Hi,
I am trying to understand why we have two * in cudaMalloc(), such as (void**)&a_d. Some pointers are here [url=“http://forums.nvidia.com/index.php?showtopic=101478&pid=563409&mode=threaded&start=#entry563409”]http://forums.nvidia.com/index.php?showtop...rt=#entry563409[/url]
but I don’t know why I am unable to understand it :-).
I would be highly obliged of you if you could elaborate it further.
Thanks
“void*” is a pointer to something. But cudaMalloc() needs to modify the given pointer (the pointer itself not what the pointer points to), so you need to pass “void**” which is a pointer to the pointer (usually a pointer to the local variable that points to the memory address) such that cudaMalloc() can modify the value of the pointer. Hope this was clear… and not confusing you more :blink:
A related question… why do we have to cast to void**? If cudaMalloc is defined to accept a void**, then why isn’t ‘&d_ptr’ sufficient? I ask because statements like that give gcc’s warning mechanisms conniptions.

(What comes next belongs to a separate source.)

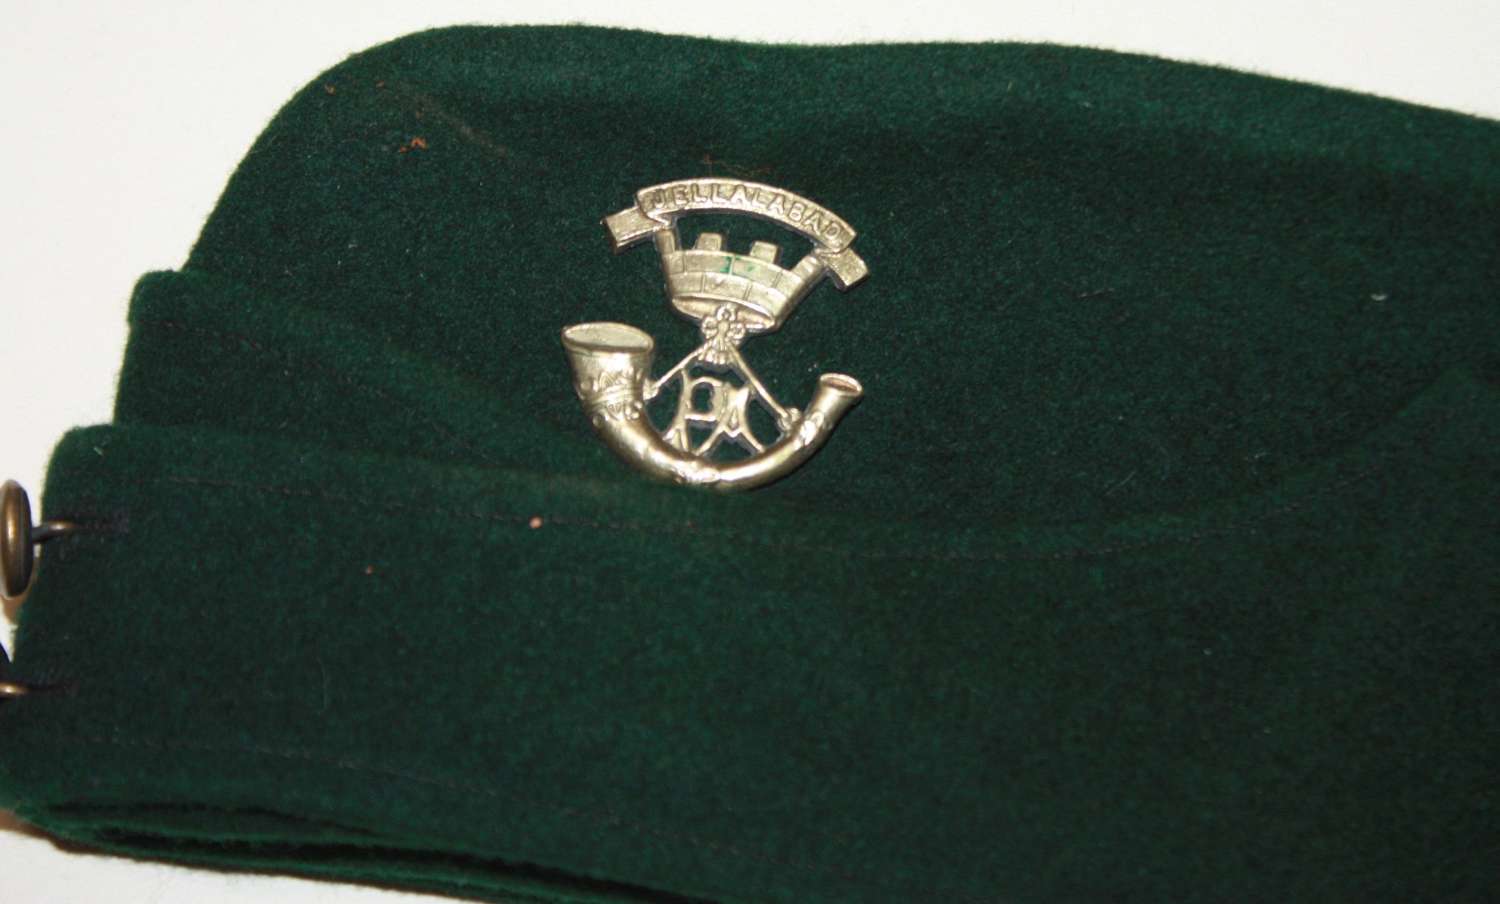 A WWII PERIOD SOMERSET LIGHT INFANTRY OTHER RANKS SIDE CAP

And when can we have cudaNew and cudaDelete? :)
Thanks for your reply. Can you tell me why does the cudaMalloc() need to modify the given pointer?

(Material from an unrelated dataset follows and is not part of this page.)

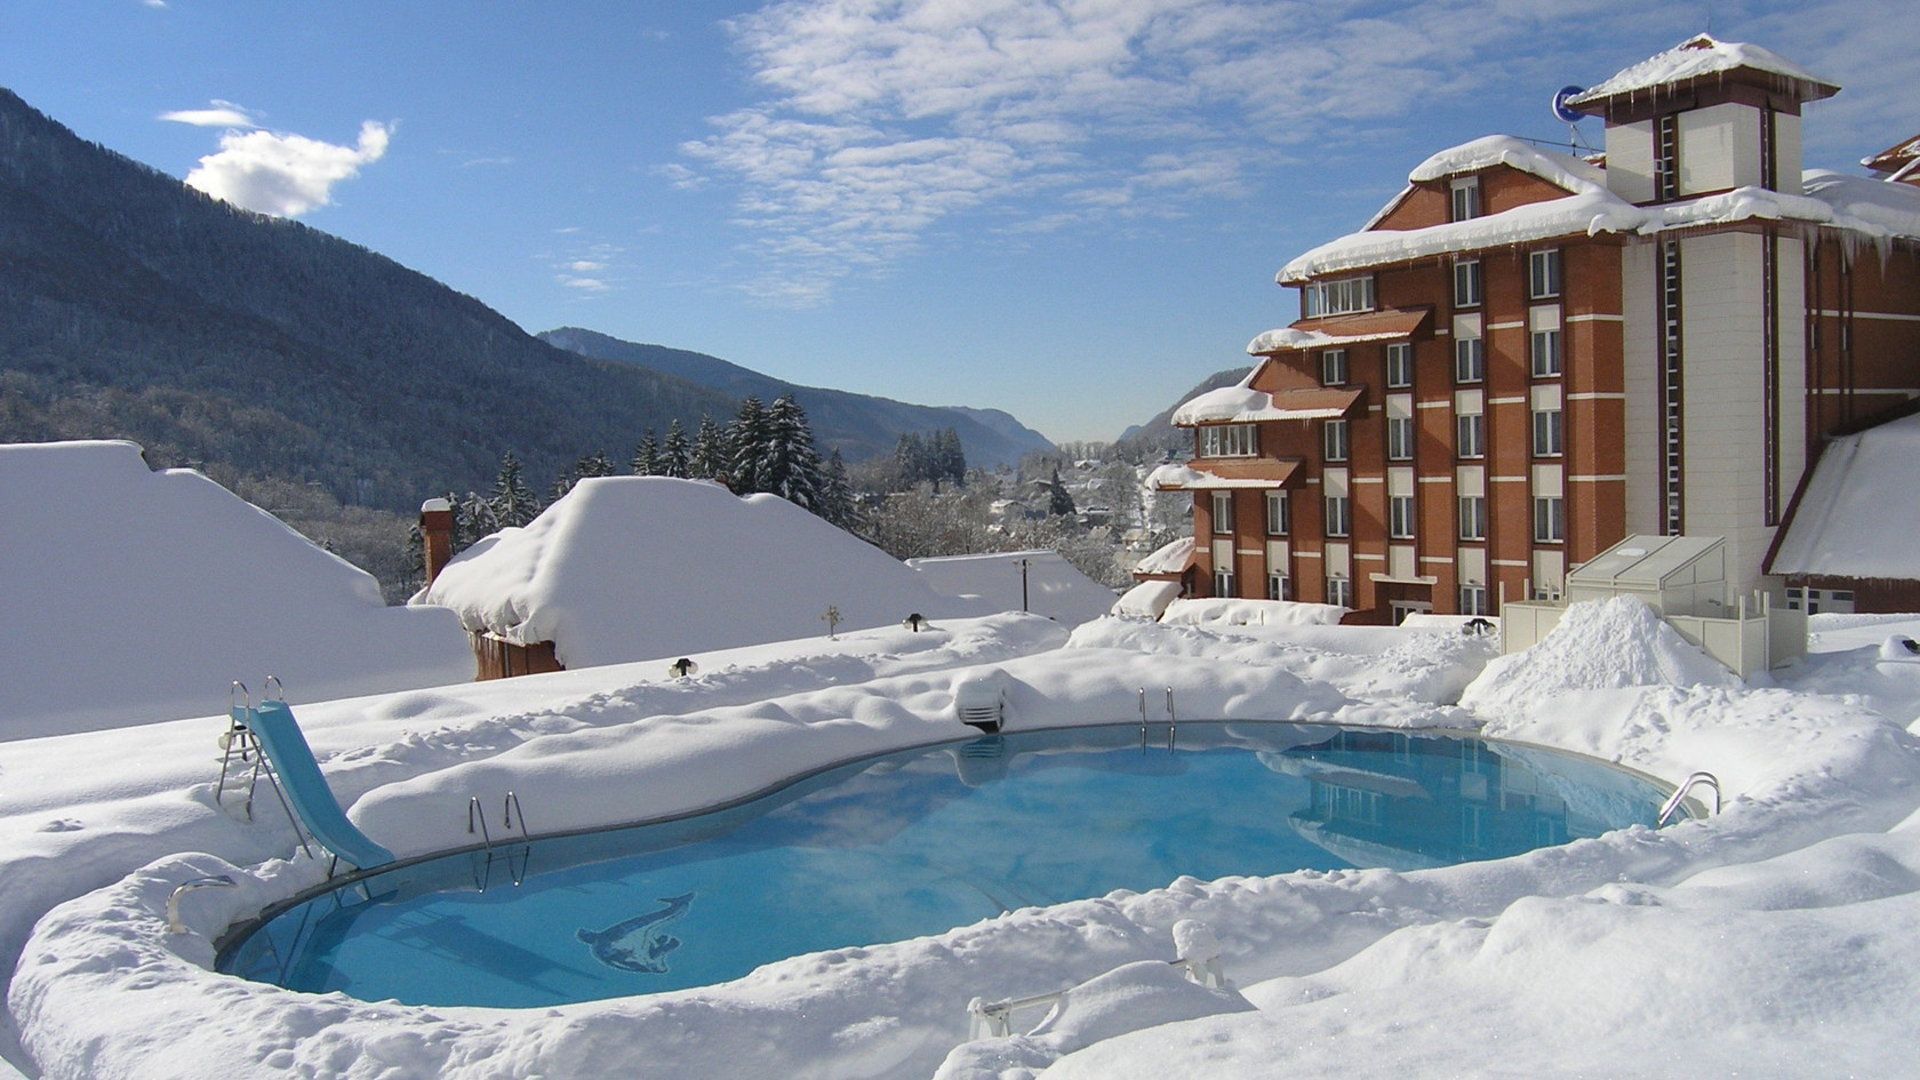 Other Beautiful Hotel Pool Middle Winter Mountains Desktop

This is a standard problem in C. :) Let us say that I write a wrapper function over ‘malloc’
// This will not work!!!
void myMalloc(void* ptr, int size) {
ptr = malloc(size);
return;
}
Now, if you try to call this function for allocating memory, and then try accessing it, you’ll generally get segmentation fault!!!
int* ptr = NULL;
myMalloc((void*) ptr, size);
ptr[0] = 0; // generally causes SEGMENTATION FAULT
The reason being the 10th grade funda of ‘passing by reference’ and ‘passing by value’. :)
If you consider ‘ptr’ to be a variable (forget that it’s a pointer for the time being), you are just passing it by value. Hence, any changes made in teh function will not get reflected in the calling function. So, the correct way would be to:
// This will work
void myMalloc(void** ptr, int size) {
*ptr = malloc(size);
return;
}
int* ptr = NULL;
myMalloc((void**) &ptr, size);
ptr[0] = 0;
Again, since you never know what kind of pointers one would be using in his/her program, you always pass it as ‘void**’ :)

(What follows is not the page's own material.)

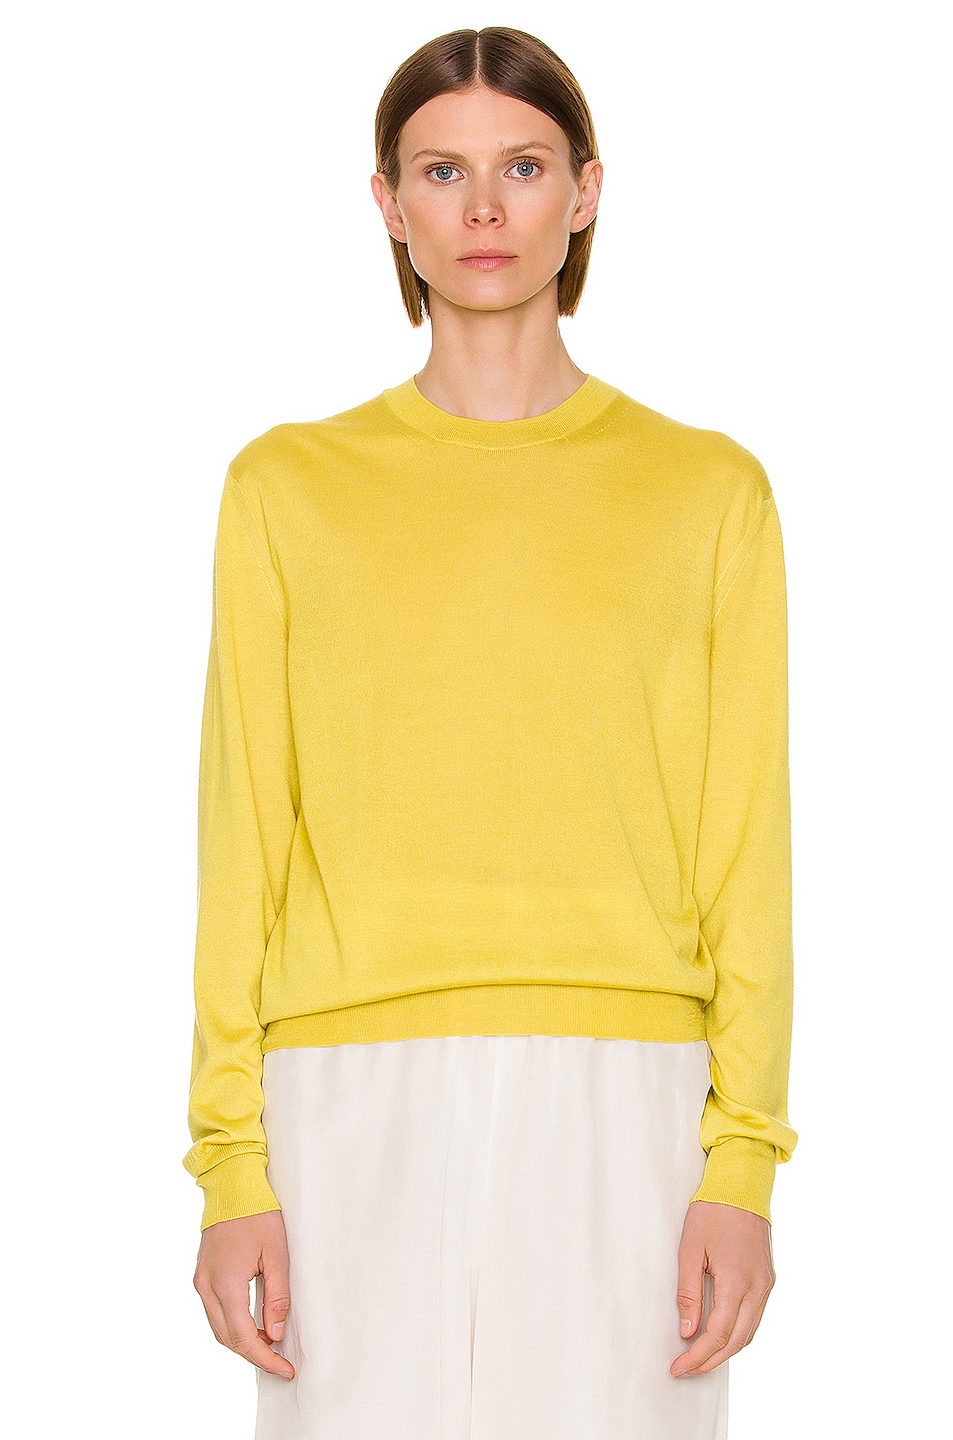 Image 1 of The Row Islington Top in Chartreuse Yellow

If this was c++, you could do cudaError_t cudaMalloc( void*&, size_t ) instead of this and it might make more sense to people…
Of course, “it were c++”. :)
However, all tesla family of cards (geforce, gtx) doesn’t support C++ code. But I sincerely hope that this should get changed in fermi family, as it can support c++ as well… :rolleyes:
cudaMalloc() runs on the host and is compiled by gcc (not nvcc), so this is a non-sequitur. :)
Really, I imagine the goal here was to target the lowest common denominator, so you could write your host code in C (or anything that knows how to call C functions).
I see the reasoning in the beginning to support only C, but now CUDA supports many C++ features including classes and templates. It seems like they could support both via something like this :
cudaError_t cudaMalloc( void**, size_t );
#ifdef __cplusplus
template<class T>
cudaError_t cudaMalloc( T*& ptr, size_t bytes )
{
return cudaMalloc( (void**) &ptr, bytes );
}
#endif
Oopss… I missed the fact that cudaMalloc is executed by host :">
Your argument for c++ support sounds perfect reasonable. I was wrong with my argument…